Contribution: 10 means that this person did their part and more, over and above the call of duty. 1 means that this person really did not contribute what they were supposed to. Give 5 as an average, they did what they were expected to rating. Note that this is a subjective rating relative to what a person was expected to contribute. If five people were contributors and each did a fantastic job on their pieces, then all five could conceivably get a rating of 10; you would not slice up the pie 5 ways and give each person a 2 because they each did 20% of the work! It is your job as a group to work out what the expected contributions will be, to make sure everyone is comfortable with the relative sizes of the contributions, and to recalibrate expectations if you discover you need to. Try to keep things as equitable as possible, but if one person's skills mean they could do a total of 10% of the work compared to another person's 15%, and everyone is ok with this, then both contributors can certainly get a score of higher than 5 if they both do their parts and do them well. If you need help breaking up tasks, agreeing on expectations, etc., I would be happy to meet with the group to assist in working these things out.

Effort: A rating of 3 should be average, with 5 as superior effort (whether or not they succeeded) and 1 as didn't put in the effort. A rating below 3 would not be expected if the person's contribution was 5 or better. If a person just didn't manage to contribute what they were expected to, but you think they did everything in their power to make it happen, you could give them a top rating for effort even while giving them a low contribution score.

A Final Note

This project is ambitious. It attempts to give you an experience doing something real, not just a textbook exercise. I have not run all facets of this task end-to-end before, particularly for some of the new features I'm suggesting you explore. That means that there might be unanticipated problems, situations where people do not receive inputs they need to get their part done, intra-team politics, interpersonal issues, and who knows what else -- just like in the real world. It also means that something new and interesting might come out of it, which is pretty cool.

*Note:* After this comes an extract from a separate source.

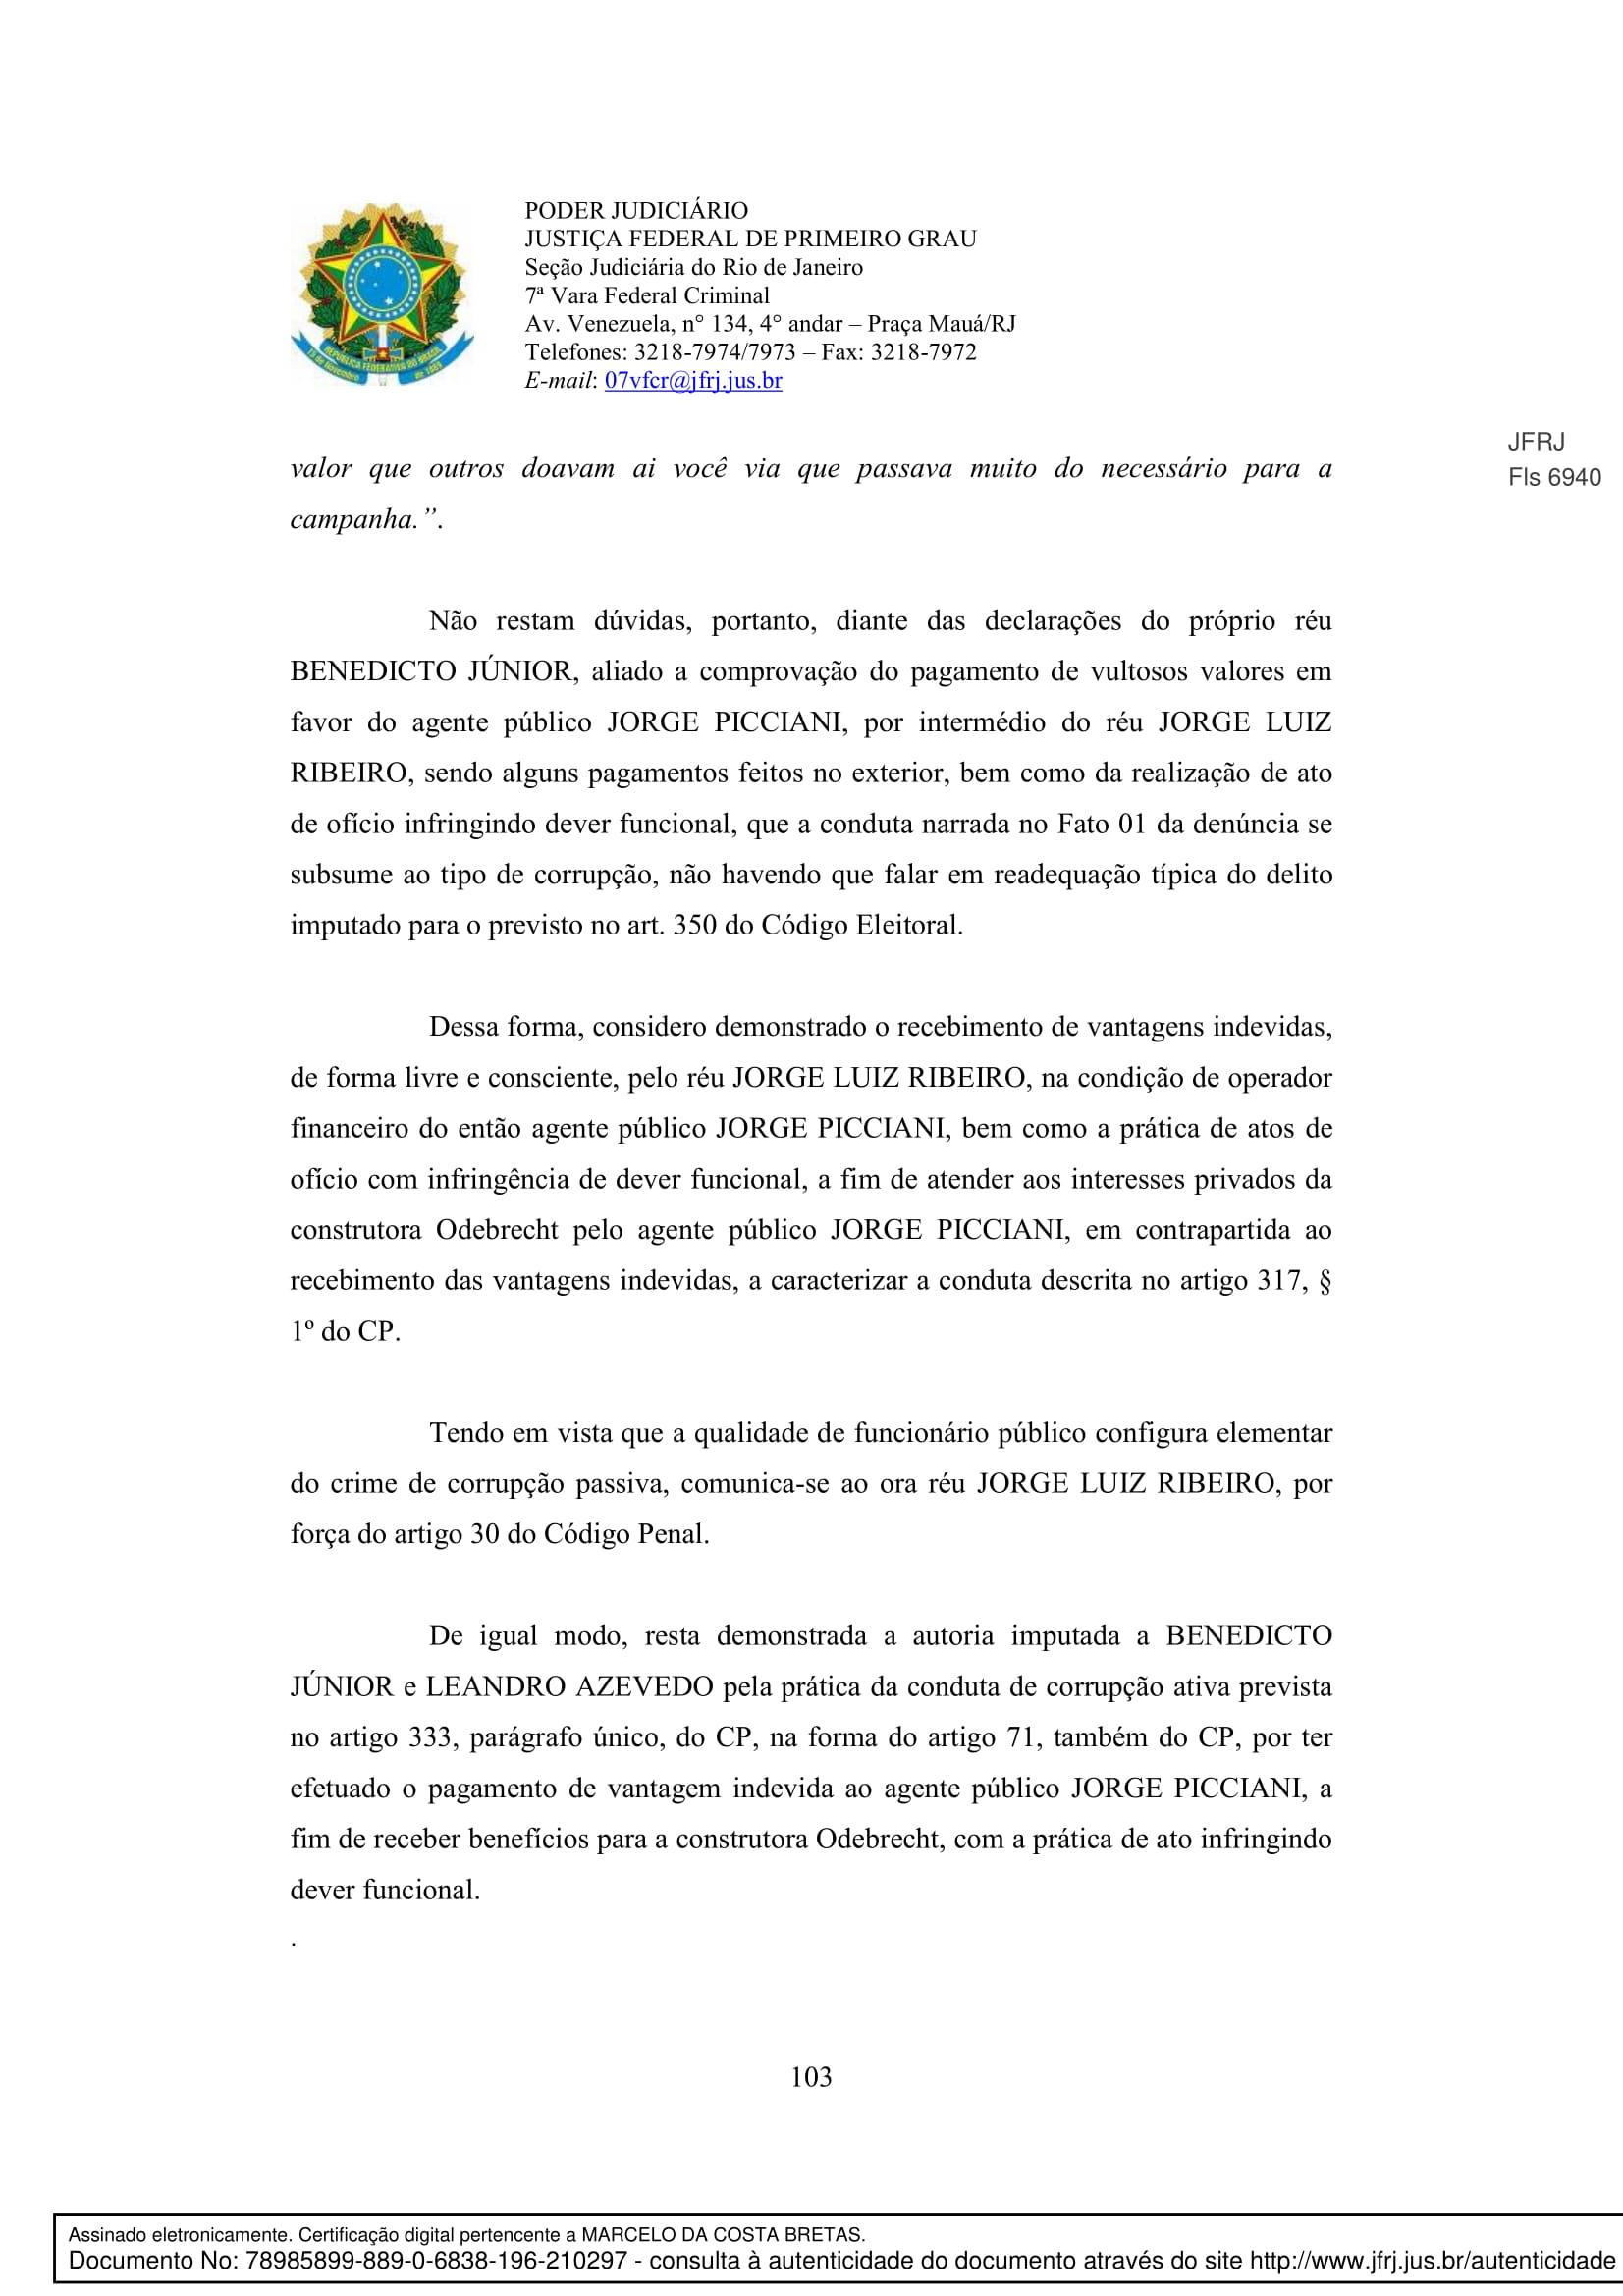 Sentenca-Cadeia-Velha-7VFC-103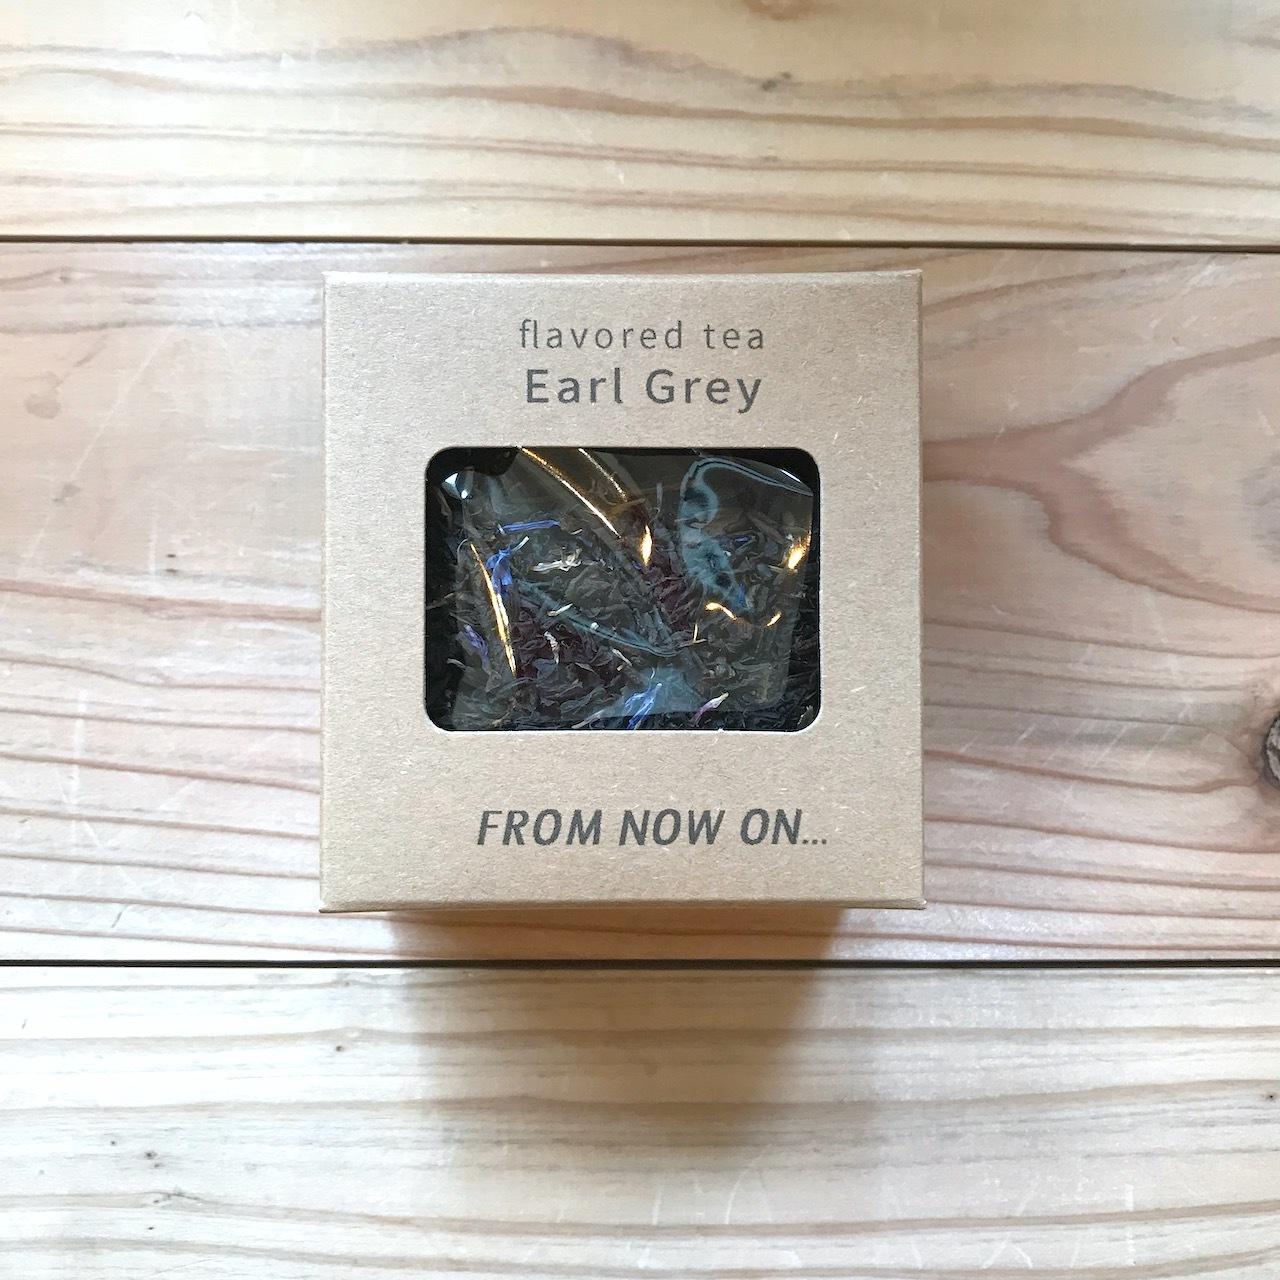 """【今だけ送料無料】"""" FNO Earl Grey flavored tea / アールグレー フレーバーティー カートンS 15g """""""

Unlike the real world, which is not very forgiving, this is a controlled setting that involves the guidance of an instructor, who can be very forgiving. Remember that the activity is, first and foremost, a collaborative learning activity, with the emphasis on learning. If there are problems or issues of any kind, let me know sooner rather than later, and I will help to get them worked out. Also feel free to use the mailing list or discussion forum: the presence of multiple teams does not mean that you are competing with each other. (I considered adding extra credit for the team with the best results, but I specifically decided against it because I would much rather see a spirit of collaboration not only within teams but at the level of the entire class.)